The following article contained misinformation in the print edition that has been corrected for the online version. The article misidentified the UR Involved program. The programis managed by the Admissions Office and has nothing at all to do with career networking and alumni event participation, as was stated in the original printing. The CT apologizes for this error.

Graduation for the class of 2010 is fast approaching, but no sooner will our seniors receive their diplomas then they will be asked to donate back to the University. That UR aggressively fundraises is not uncommon universities everywhere contact former students and parents of current students. This common practice is not necessarily the right tactic; asking former students one year after graduation is insensitive to their financial situation and potentially alienates future donors.

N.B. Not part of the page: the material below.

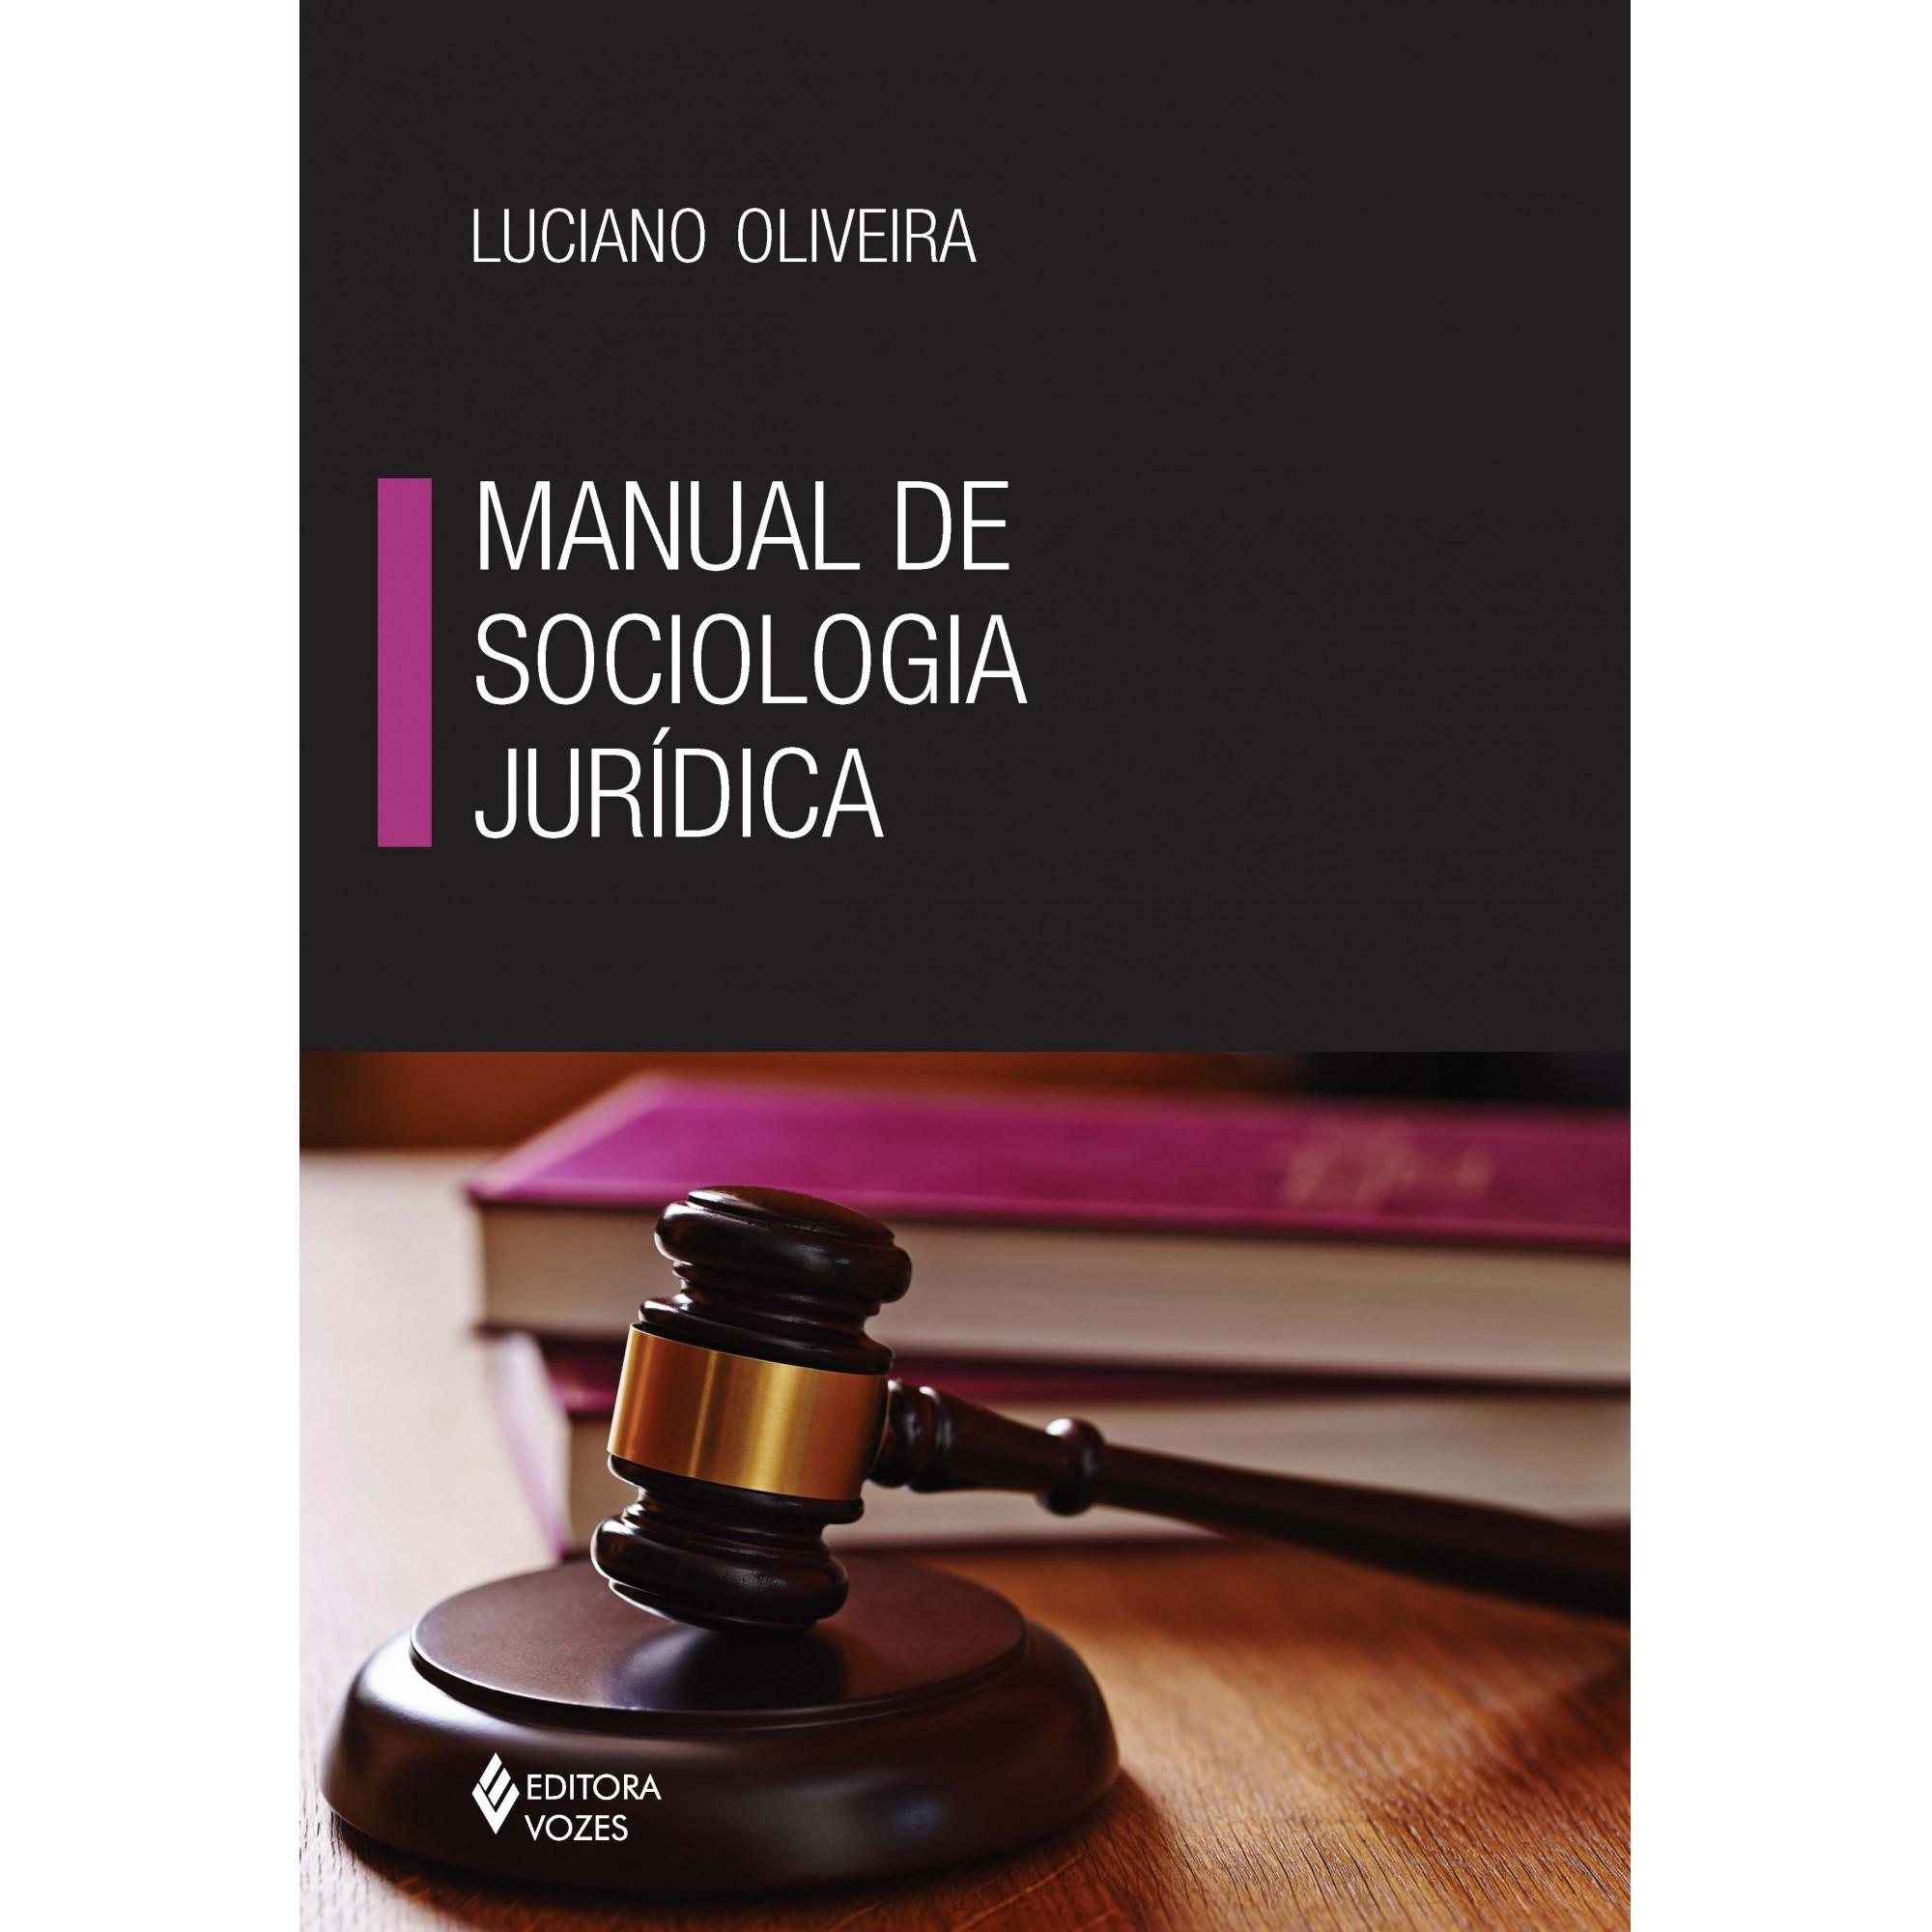 MANUAL DE SOCIOLOGIA JURÍDICA
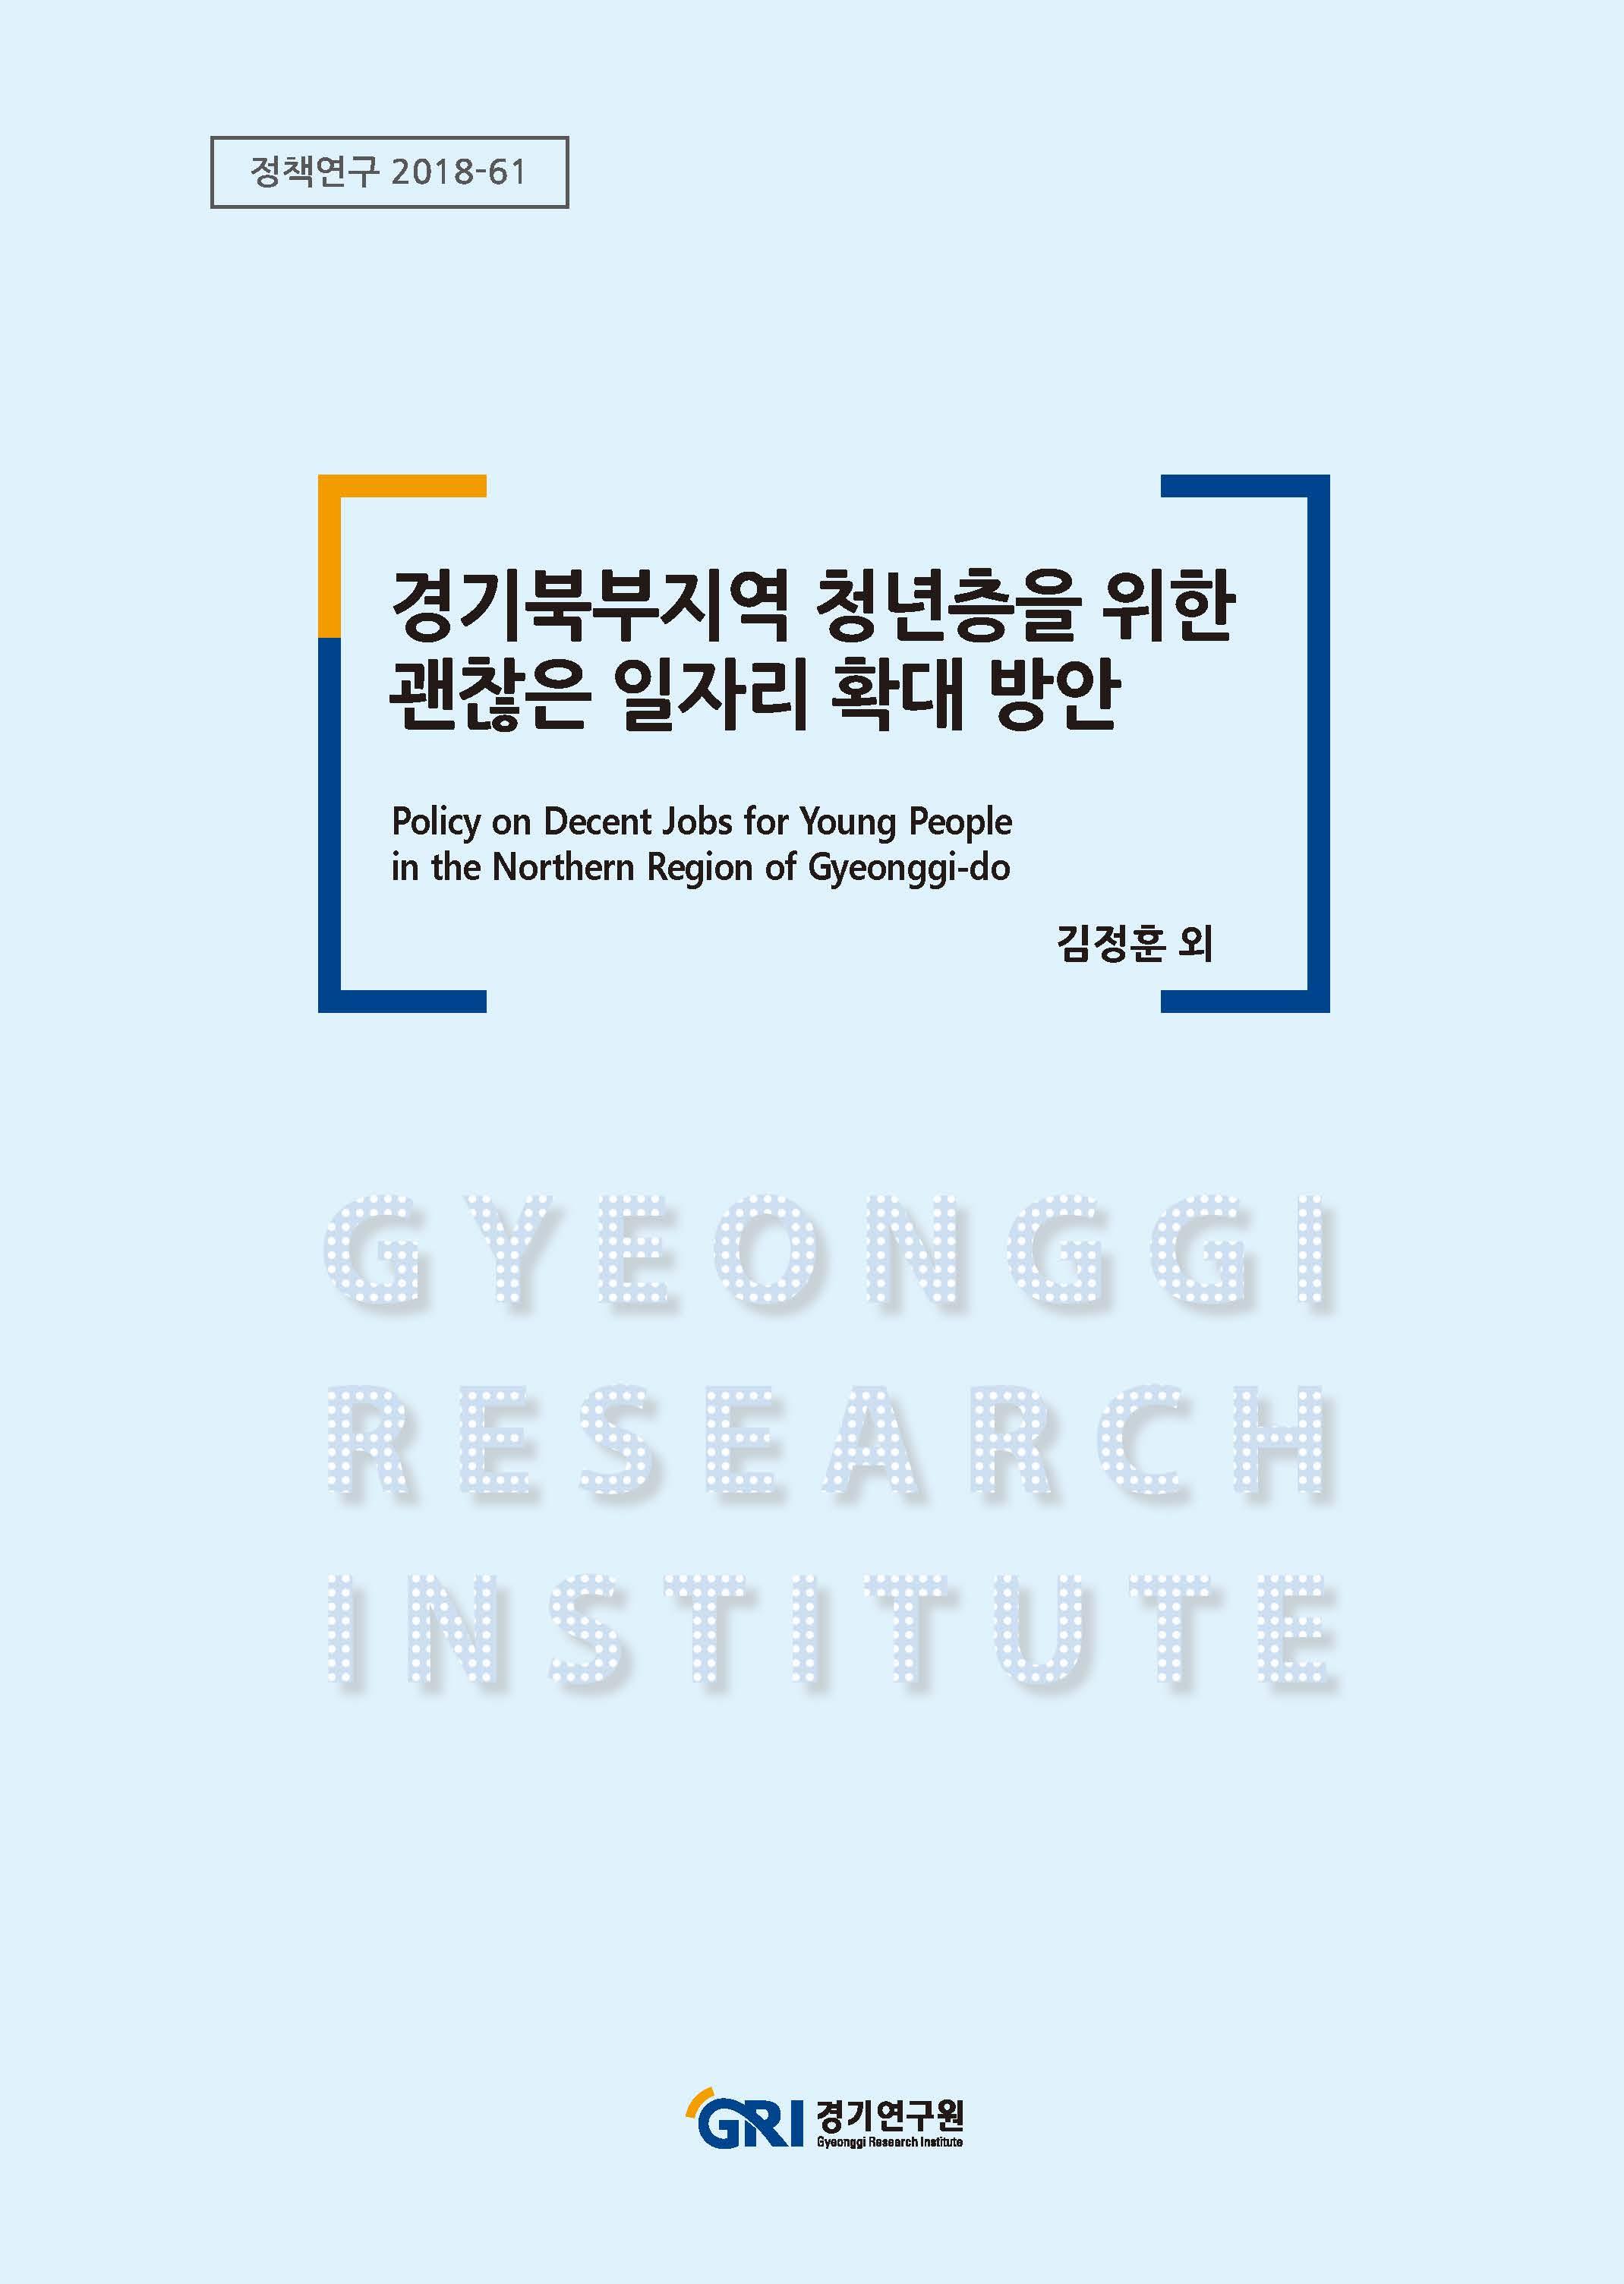 경기북부지역 청년층을 위한 괜찮은 일자리 확대 방안

Within a year of graduation, alumni can expect mailings and phone calls about donations. Many former students are still paying interest on loans, trying to meet ends at graduate school or simply struggling with their newfound financial independence. To ask former students so soon after they graduate may seem harmless there’s certainly always the option of saying “no.’ However, requesting donations may estrange some from their alma mater, whose memories of paying close to $200,000 in tuition are quite fresh.
As they move along in their careers, alumni are in a better situation to donate. In the meantime, it is important that they remain connected to the University, even when a monetary connection is not feasible.

Some alumni do donate, evidenced by 389 young alumni who supported the College through the True Blue Society a society comprised of graduates from the past 10 years between 2008 and 2009. There is little reason to ask alumni until they have their feet firmly on the ground after several years. However, overt requests for money may alienate many more young alumni, discouraging them from donating in the future.